Session

Seeking New Multilateral Cooperation Governance in the Post-COVID-19 Pandemic Era

The COVID-19 outbreak has significant global implications to a point where it has seemingly transformed the existing international order in stark contrast to any other infectious diseases of the past, such as SARS and MERS. Such a view is owing to distinct features that have come to the surface in response to the coronavirus pandemic as follows: U.S.-China strategic competition deepening, liberal economic order shrinking, globalization regressing, authoritarian states emerging, and human rights and privacy protection norms being threatened.

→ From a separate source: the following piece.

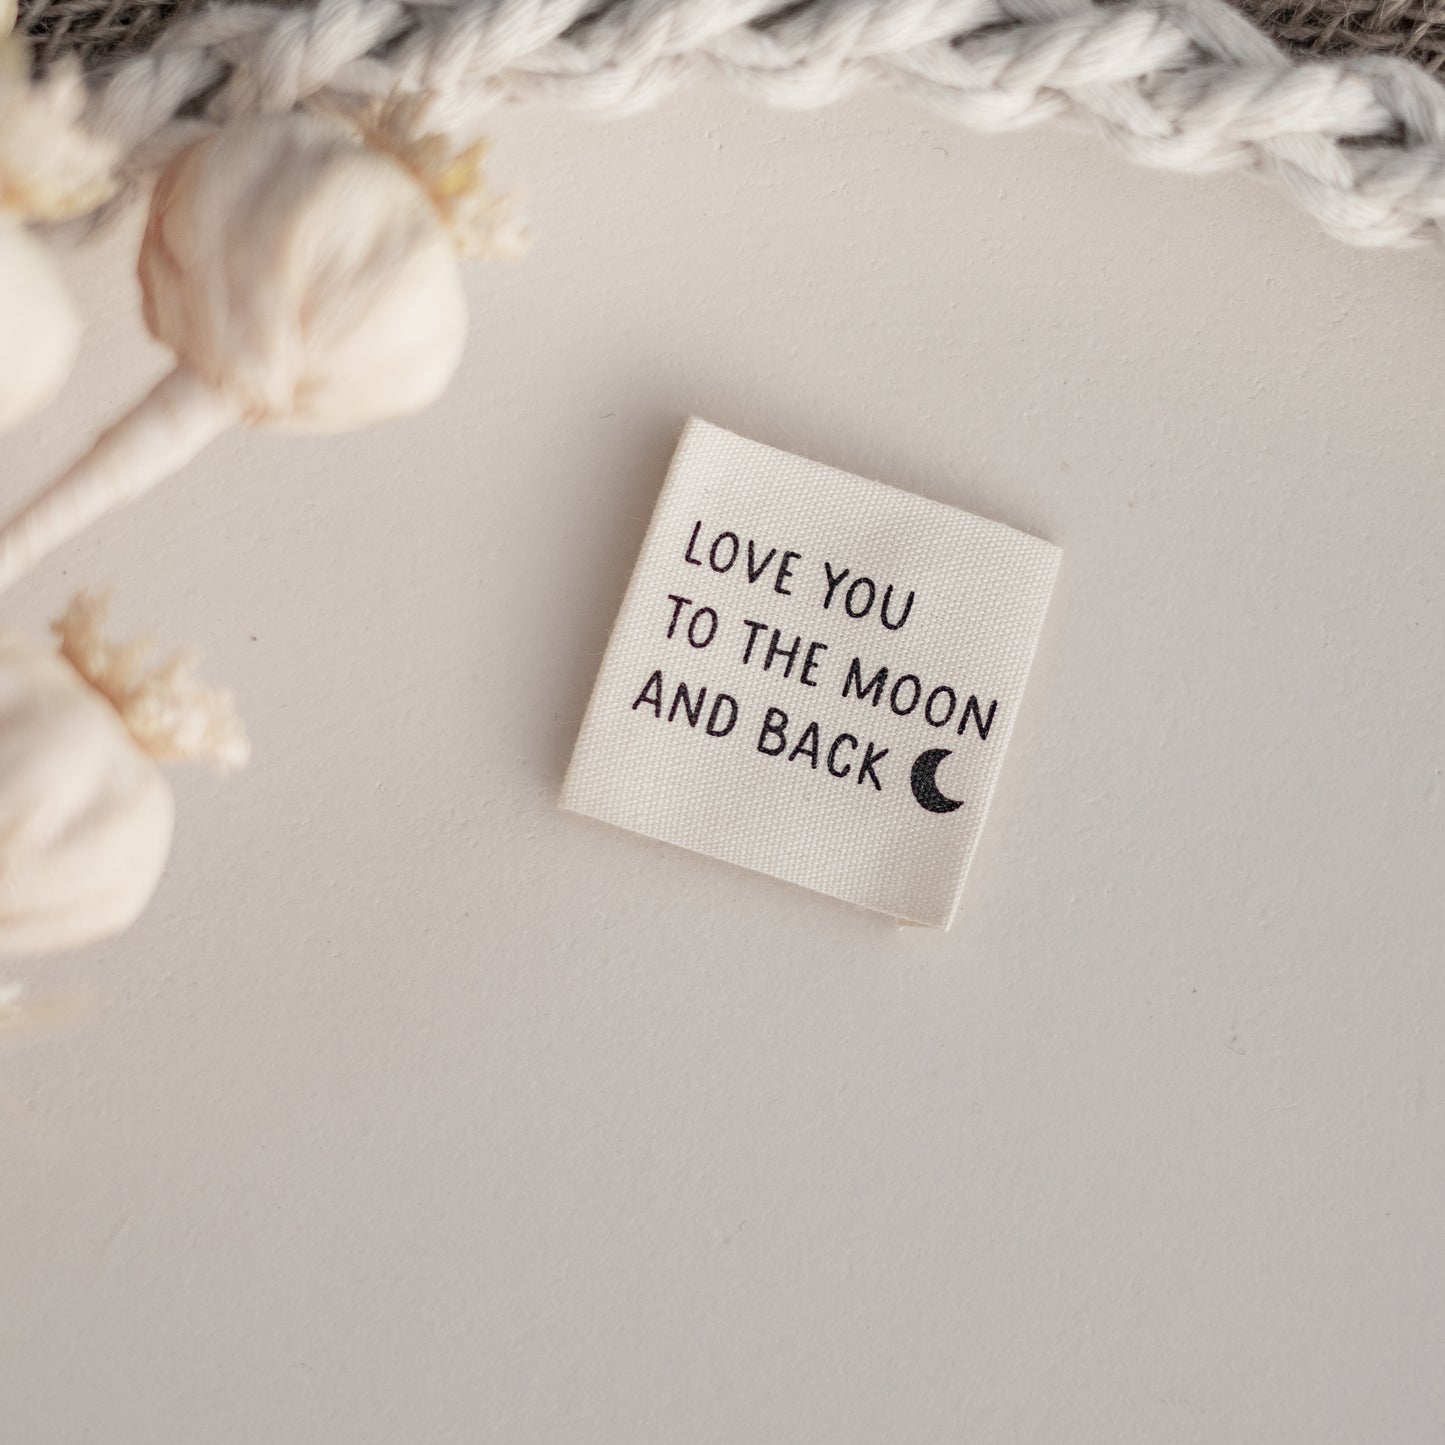 1 Set (5 Stück) Baumwolllabel Love you to the moon and back 1600-0017 25-2.3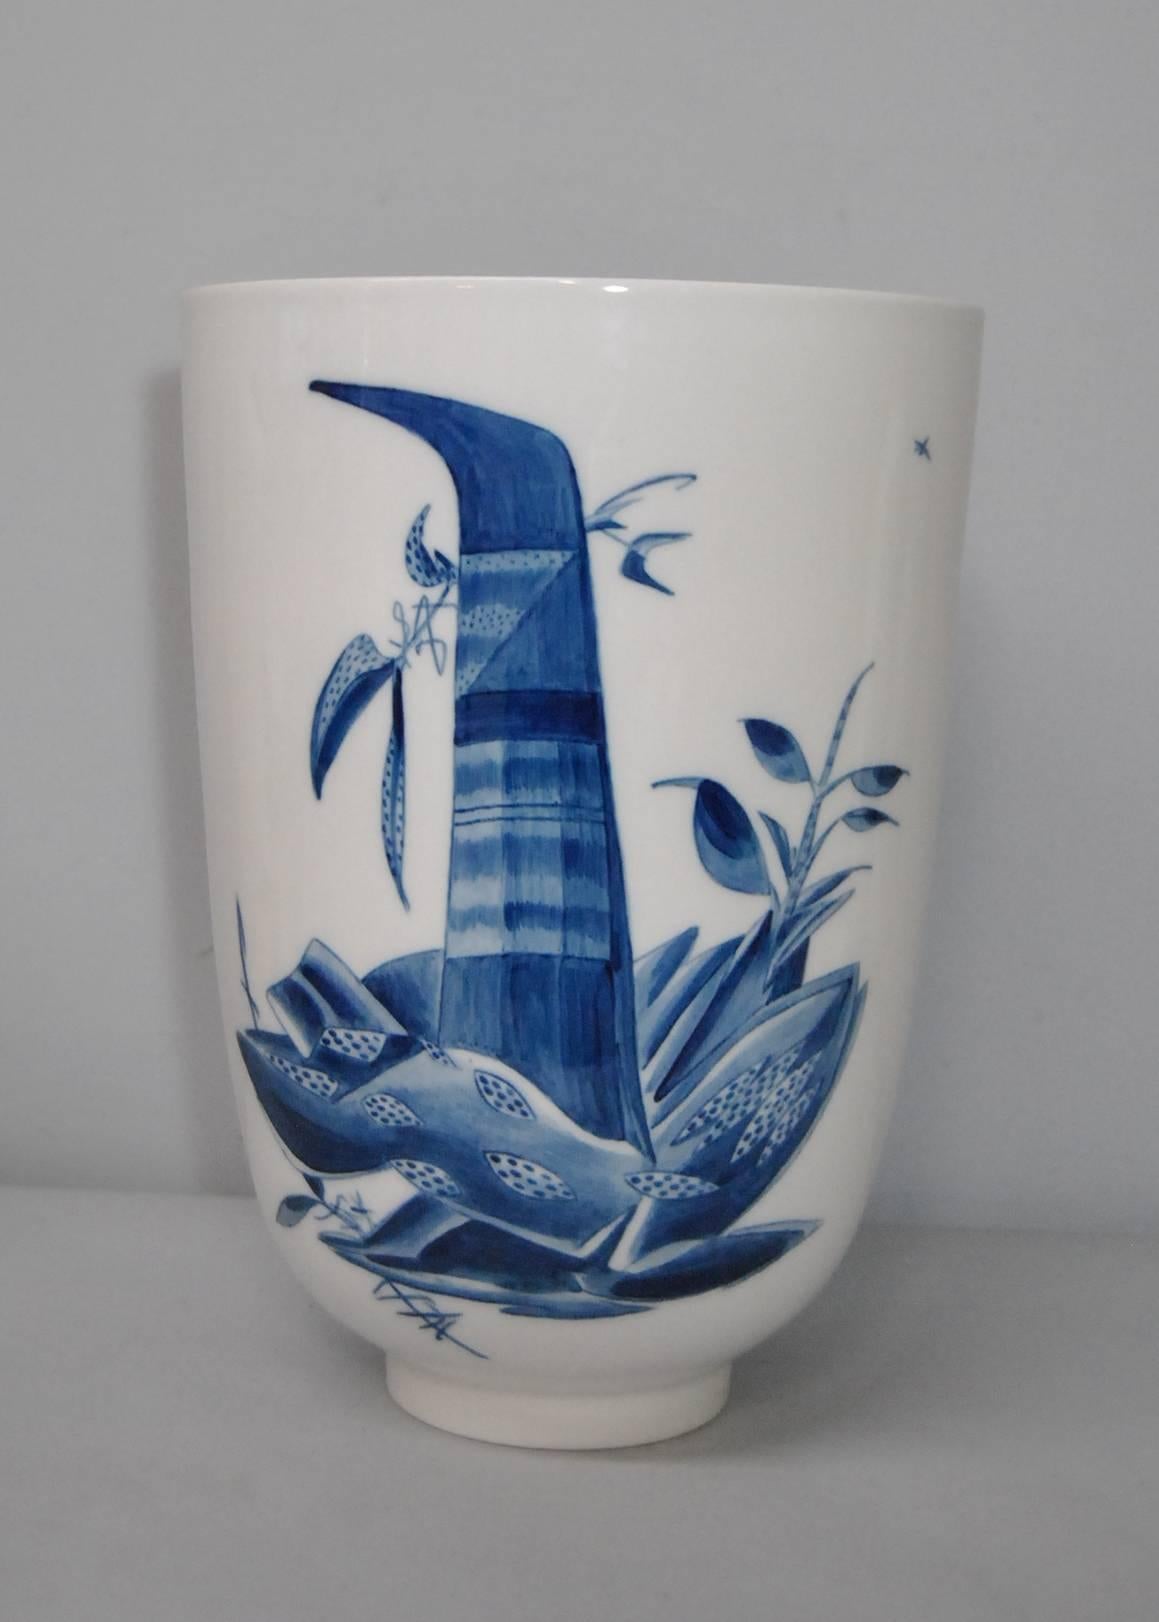 This is a large floor vase designed by Thorkild Olsen c1890-1973 for Royal Copenhagen.  This has an abstract plant pattern in blue on a white background.  This is a large vase being 18" tall by 13" in diameter at top narrowing to 6"

Although the international community has long held the belief that cooperation between states would be well-coordinated in response to non-traditional security threats, the COVID-19 pandemic has brought about paradoxical development of having reinforced an isolationist-nature ‘Our Country First’ approach such as ‘global social-distancing’ by raising countries’ boundaries. Moreover, the traditional leaders of the international order, the U.S., China, and even WHO, all have failed to exercise the leadership entrusted to them in the face of the coronavirus pandemic. Meanwhile, a ‘K-prevention model’ has been under the global spotlight as it is evaluated as having been effective in response to the global pandemic outbreak.
To that end, this session aims to explore the possibility of universally proliferating a ‘K-prevention model’ as well as establishing a multilateral cooperation governance amidst new threats in the post-COVID-19 era, including health security (human security).